Thanks for the quick response. I will have to look in to how I can the the ASL for you because I don't have a debugging facility for the device and I haven't done it before. I created a simple platformio project earlier today which shows how I got Arduino v2.0.0 working with PlatformIO which might help you. The readme has detail on the compiler versions etc.
We haven't tested on Arduino v2.0.0, and I unfortunately don't even use PlatformIO, though of course we support it -- it doesn't have support for our BSPs. And.. this is the first I've heard of Arduino 2.0. So I'm really out in the weeds and not able to invest much time short term.
You can possibly use objdump
on the file arduino_lorawan_sessionstate.
o to get the disassembly. But it depends on the tool chain. You'll have to research the command line switches on your version. objdump
will be with gcc
. There is an option to disassmble, and to include line numbers, and possibly even to include source code. The .o
file will be somewhere in your build directory.
I see this is Arduino v2 -- which is still beta. That's good, because if you can identify a compiler issue, they can back up to a working release or try to get a fix. Since freq is a uint8_t &, the compiler should probably not be making assumptions about alignment; but from the fault is clearly is. (It's doing a store-halfword to an odd addresss, almost certainly.)
This happens from time to time; the compiler writers find a new trick that ought to work, is arguably portable; and then we find out where that breaks existing code. There is in fact a union involved in this part of the code, and it's possible that this is confusing the compiler or me into thinking that an operation is safe. No pointers involved so I think the compiler has dropped a stitch, but it's possible I've once again been too clever by half.
Were there no templates involved, I would say that you should try splitting out the inline (since you're on an ESP32, there's no real need). But... there's a template... no wonder the compiler is doing the wrong thing.
But the template and channel numbers were only to do type checking, so we can refactor.
In the header file:
// outside the template, e.g. at line 275:
static bool setFrequencyRaw(uint8_t *pFreq, unsigned iCh, uint32t_t frequency);
Then change setFrequency:
bool setFrequency(uint8_t (&freq)[nCh * 3], unsigned iCh, uint32_t frequency)
{
// check the template parameter while it's in scope.
if (iCh > nCh)
return false;
// call an external function to make it harder for optimizer to do the wrong thing (for test)

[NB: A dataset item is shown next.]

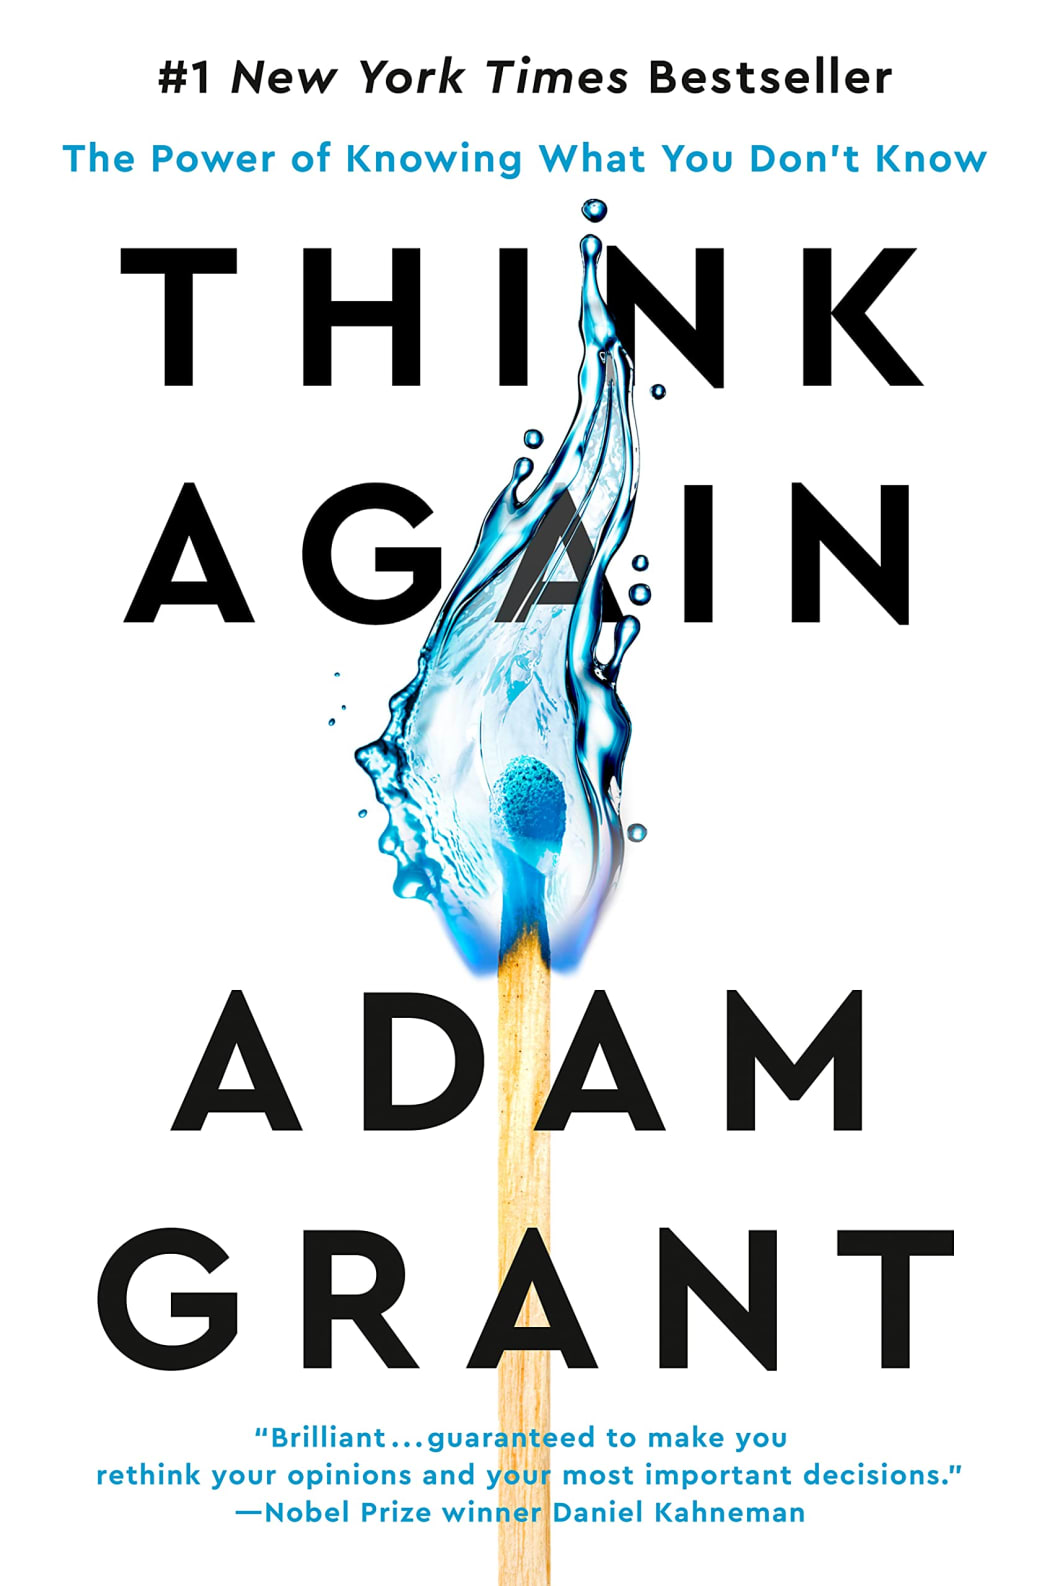 Adam Grant's book THINK AGAIN The Power of Knowing What You Don't Know

return Arduino_LoRaWAN::setFrequencyHelper(freq, ich, frequency);
}
And then in a separate C++ file:
// this is the former body of setFrequency(), with &freq changed to pFreq
/* static */
bool Arduino_LoRaWAN::setFrequencyRaw(uint8_t *pFreq, unsigned iCh, uint32_t frequency)
{
const uint32_t reducedFreq = frequency / 100;
if (reducedFreq > 0xFFFFFFu)
return false;
auto const chPtr = pFreq + iCh * 3;
chPtr[0] = uint8_t(reducedFreq >> 16);
chPtr[1] = uint8_t(reducedFreq >> 8);
chPtr[2] = uint8_t(reducedFreq);
}
If this fixes the problem, it may make it easier for the compiler people to either tell me what I've gotten wrong, or for them to figure out what has gone wrong.

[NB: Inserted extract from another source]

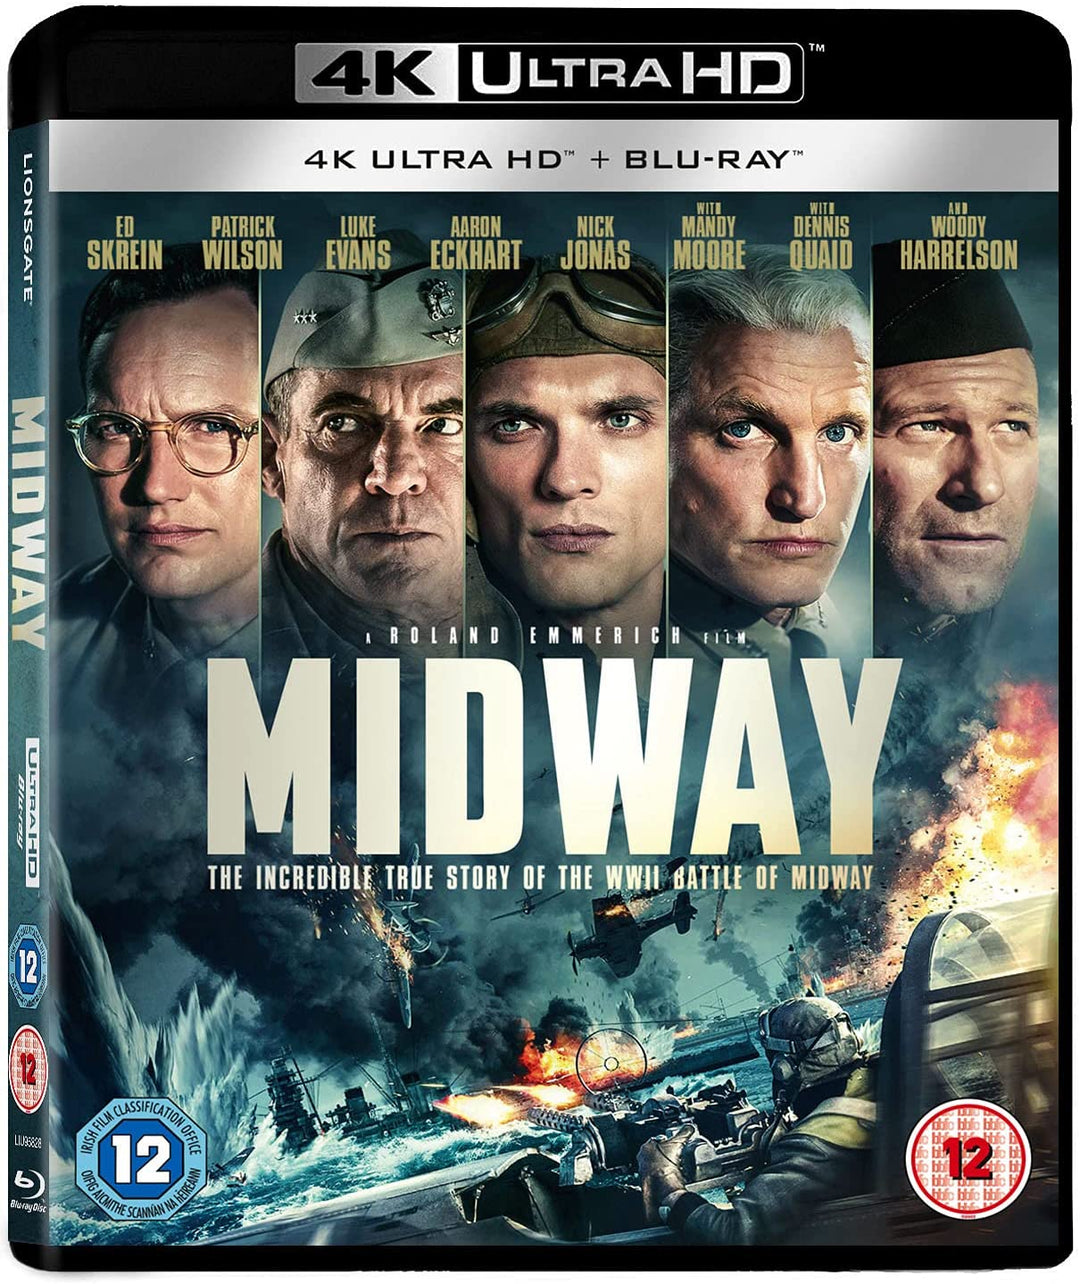 Midway 4K – Krieg/Action [Blu-Ray]

Sorry found an error in review; moved an if from the external function to the inline.
I've managed to generate some assembly code for you but there are too many lines to strip sensitive info so I have emailed them to you instead. I hope that is okay?
For community reference, I was able to use Espressif's SDK to get the assembly code. It looks like it outputs the source code too. There are multiple ways of doing it but I used the following methods.
[env:<env_name>]
in platformio.ini
build_flags =
-save-temps
-fverbose-asm
Either run the command on the firmware.elf
or on an individual object file (but this won't include all code after linking?)..
<espressif_sdk_dir>\toolchain-xtensa-esp32\bin\xtensa-esp32-elf-objdump.exe -S -d "<project_build_dir>\MCCI Arduino LoRaWAN Library\lib\arduino_lorawan_sessionstate.cpp.o" > disassembly.txt
@olicooper email is fine, but it hasn't come yet. Checked spam filters also, nothing there.
Sorry about that, I think gmail is causing the issue. I've resent it.
got it.
can you send the corresponding link map?
The problem is not what I thought. The code for doing the store is correct. Removing the debug .loc
stuff:
# .pio/libdeps/heltec_wireless_stick/MCCI Arduino LoRaWAN Library/src/Arduino_LoRaWAN.h:368: chPtr[0] = uint8_t(reducedFreq >> 16);
s8i a4, a2, 0 # *chPtr_113, tmp200
# .pio/libdeps/heltec_wireless_stick/MCCI Arduino LoRaWAN Library/src/Arduino_LoRaWAN.h:369: chPtr[1] = uint8_t(reducedFreq >> 8);
s8i a12, a2, 1 # MEM[(unsigned char *)chPtr_113 + 1B], tmp201
# .pio/libdeps/heltec_wireless_stick/MCCI Arduino LoRaWAN Library/src/Arduino_LoRaWAN.h:370: chPtr[2] = uint8_t(reducedFreq);
s8i a3, a2, 2 #, reducedFreq
Those are three byte writes to the pointer. So I need the link map to find exactly where things are failing.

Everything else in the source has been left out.